The analyses from all three subsets of study subjects showed that adjusting for PCB 180 and the four genetic factors made little difference in Detroit, Iowa, and Los Angeles at a lag time of 20 years before diagnosis in terms of the significance of the spatial term in the models and the presence of significantly elevated or lowered areas of NHL risk (Table 1). The only change in significant clusters due to adjusting for the genetic factors and PCB 180 occurred in Detroit with the model that included those with complete genetic and PCB data, where an area of significantly lowered risk was explained by these factors. Adjusting for the core covariates was adequate to detect an area of significantly elevated risk that was not found by the crude model in Los Angeles in the genetic and PCB subset of data.

Table 1.

Sample size, estimated span parameter, approximate p-value for the spatial term, and presence of significantly elevated or lowered risk areas of NHL for crude and adjusted models for several sets of data for three centers.

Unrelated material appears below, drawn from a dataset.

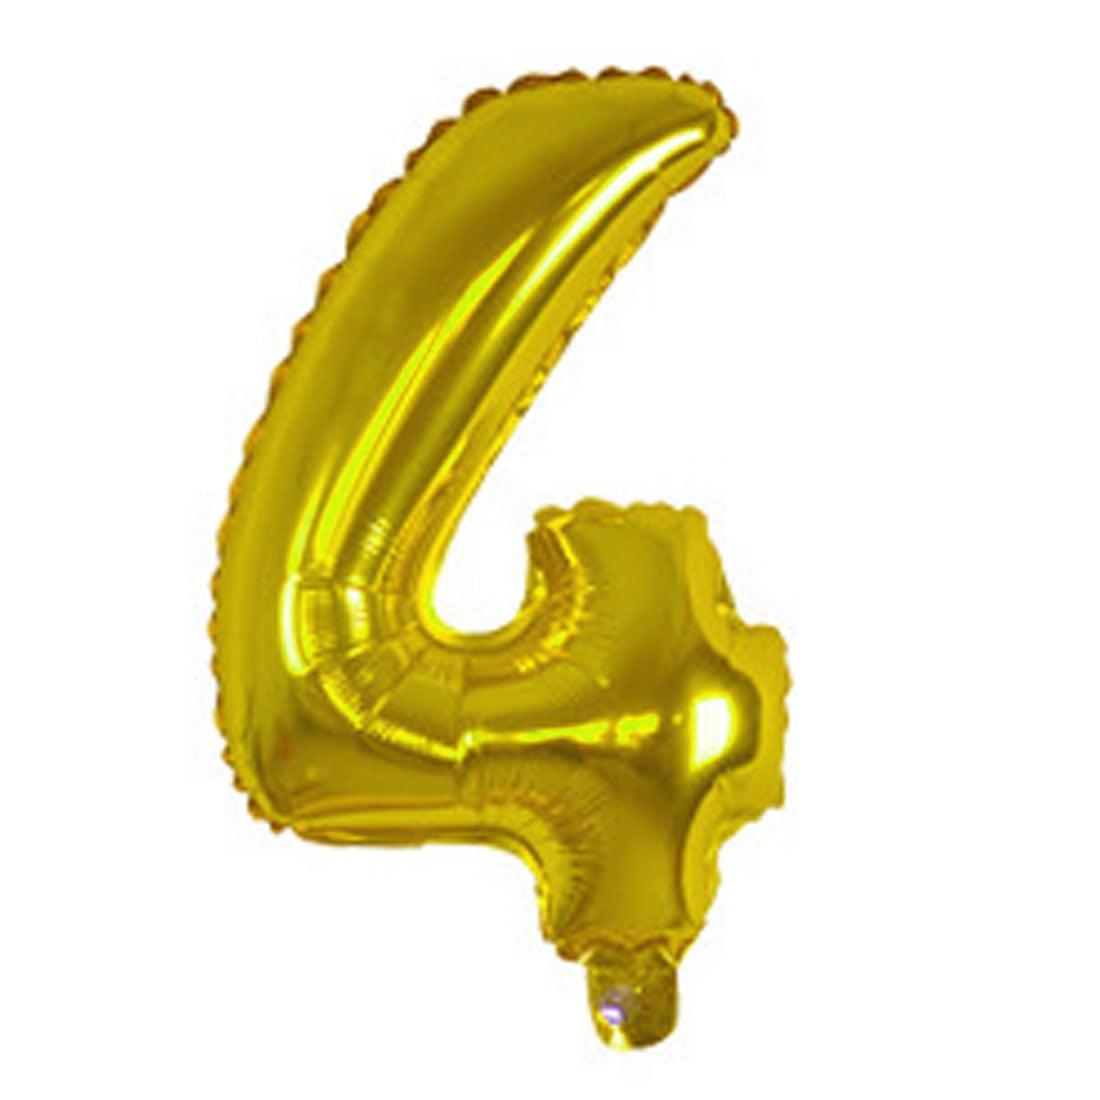 "Unique Bargains Foil Number 4 Shape Helium Balloon Birthday Wedding Decor Gold Tone 30"""
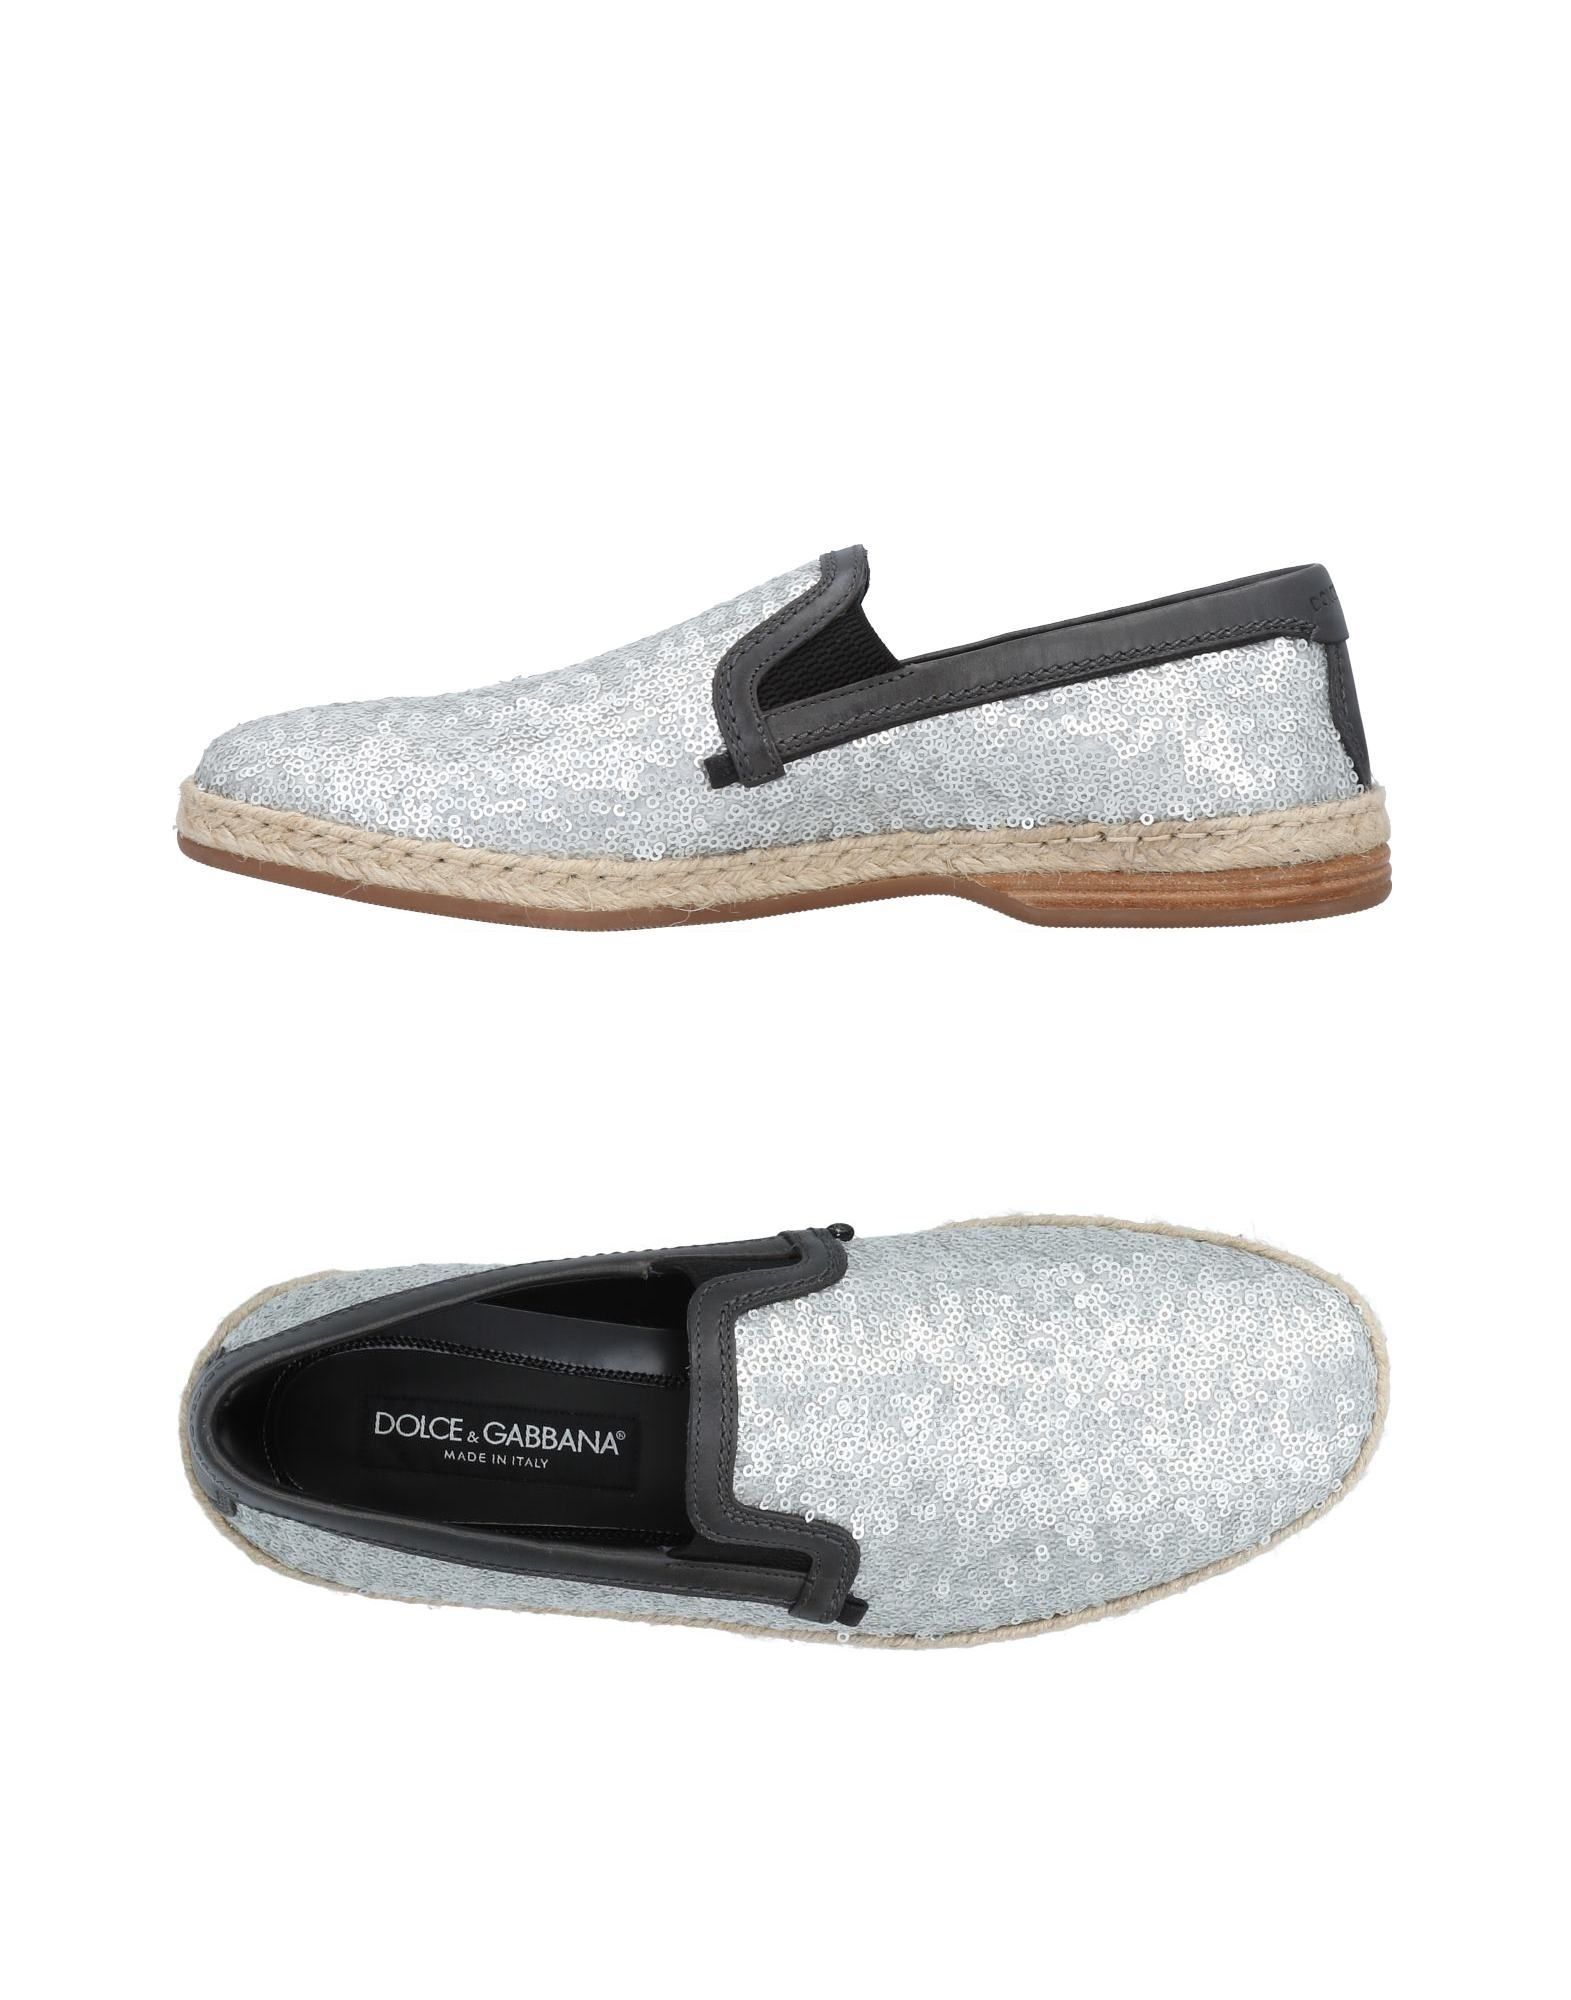 Dolce & Gabbana Sneakers Herren  11488636JM Gute Qualität beliebte Schuhe

For each center, the first set is all subjects with complete 20-year residential histories and uses missing indicator coding for the genetic factors and PCB exposure, the second set is only subjects with complete genetic data, and the third set is only subjects with complete genetic and PCB data. The core covariate adjusted model includes age, gender, race, education, and home treatment for chlordane before 1988. The other adjusted models also include genetic polymorphisms in four genes, as well as exposure to PCB 180 in some models.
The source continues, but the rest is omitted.